Bucking conservative fatwas prohibiting men from even listening to the sound of women singing, Al Azhar has formed a co-educational choir that performs Muslim spiritual hymns both on and off campus.

"My dad was afraid that people's views of me as religiously observant would change, and that neighbors would see me as deviating from the traditions of Islam," said Umniah Kamal, a 21-year-old business major at Al Azhar, who is part of the choir. “But my mom encouraged me to join the chorale and even suggested some of the religious songs we are performing.”

University officials insist that including young women in their college chorale will make Islam more relevant to a new generation.

“Those who say the chorale reduces Al-Azhar's image of piety are wrong,” said Ibtisam Zaidan, the university’s female artistic director. “We are using the performing arts to bolster Al-Azhar as a beacon of Islamic life and learning.”

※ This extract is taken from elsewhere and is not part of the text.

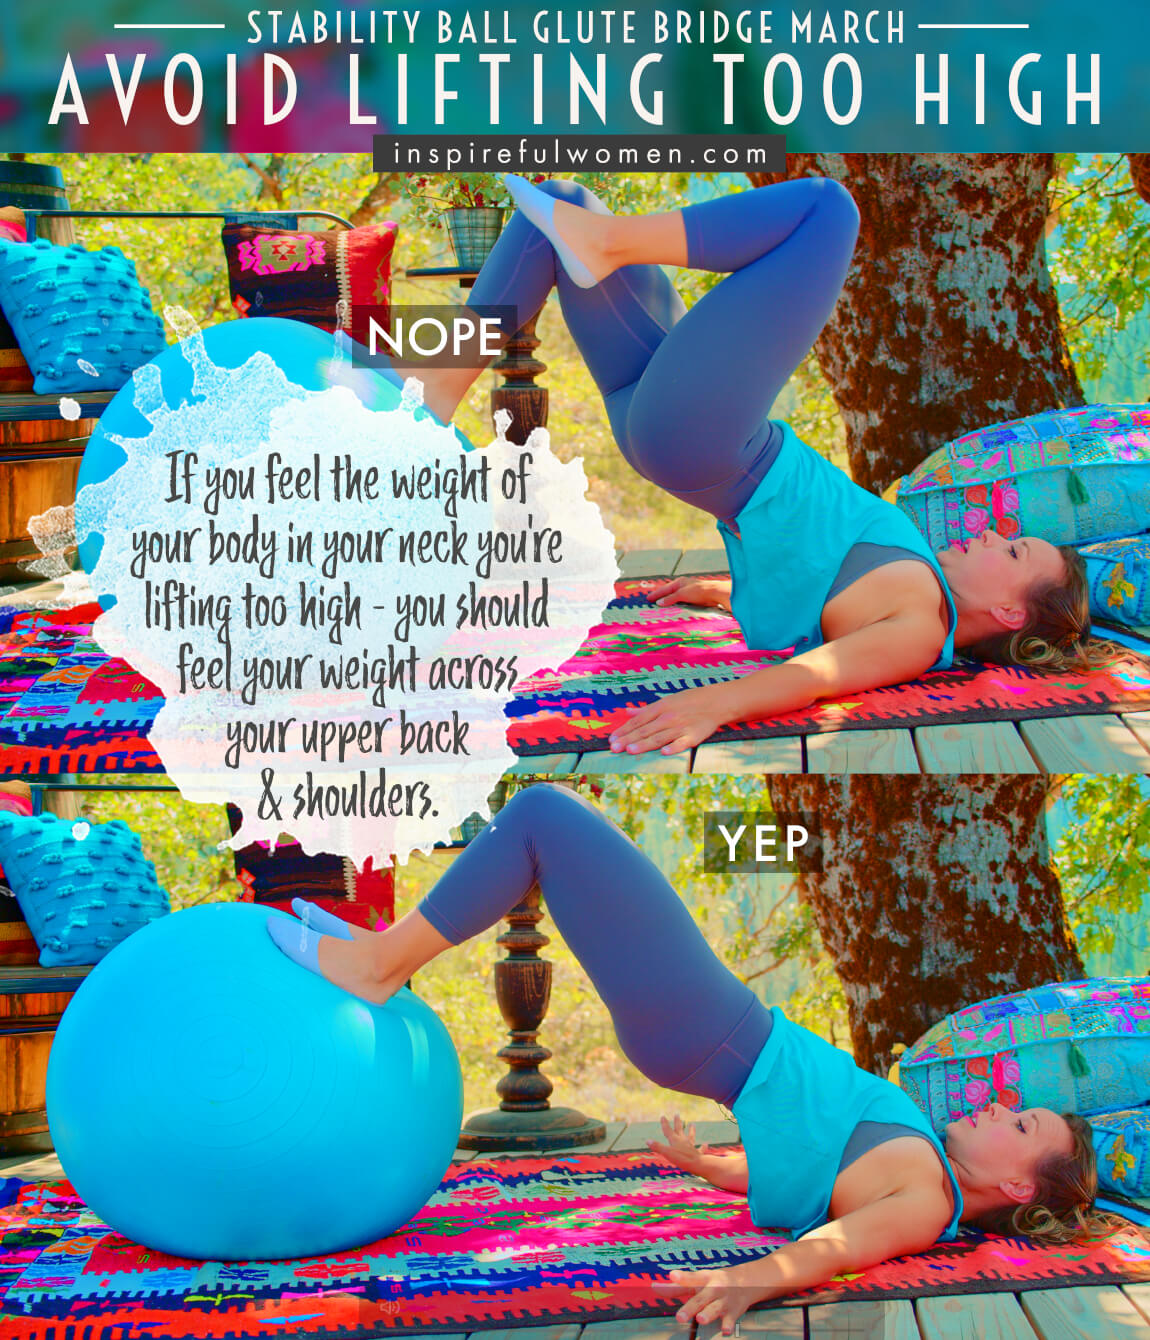 avoid-lifting-too-high-marching-stability-ball-glute-bridge-common-mistakes

“There is no text in the Quran that prohibits singing these songs," added Zaidan. “The young ladies dress conservatively, wear headscarves and stand separately from the young men during the performances.”

While the Al Azhar Chorale has won artistic accolades – they captured second place in an April competition hosted by Egypt’s Youth and Sports Ministry – the mixed gender performances and government appointments of women to leadership roles in mosques has stirred up opposition among traditionalists.

“Drafting women as public representatives on mosque directors boards, encouraging them to issue fatwas and the outrageous formation of that mixed gender musical team at Al-Azhar are all ideas imported from the West,” said Sameh Abdul Hamid, a Cairo preacher from the puritanical Salafist sect.

“It’s all part of an effort by Arab governments to erase our Islamic identity and disrespectful of our belief that the way to strengthen the status of women is to safeguard their position in their homes,” said Abdul Hamid.

A version of this story can be found in Religion News Service.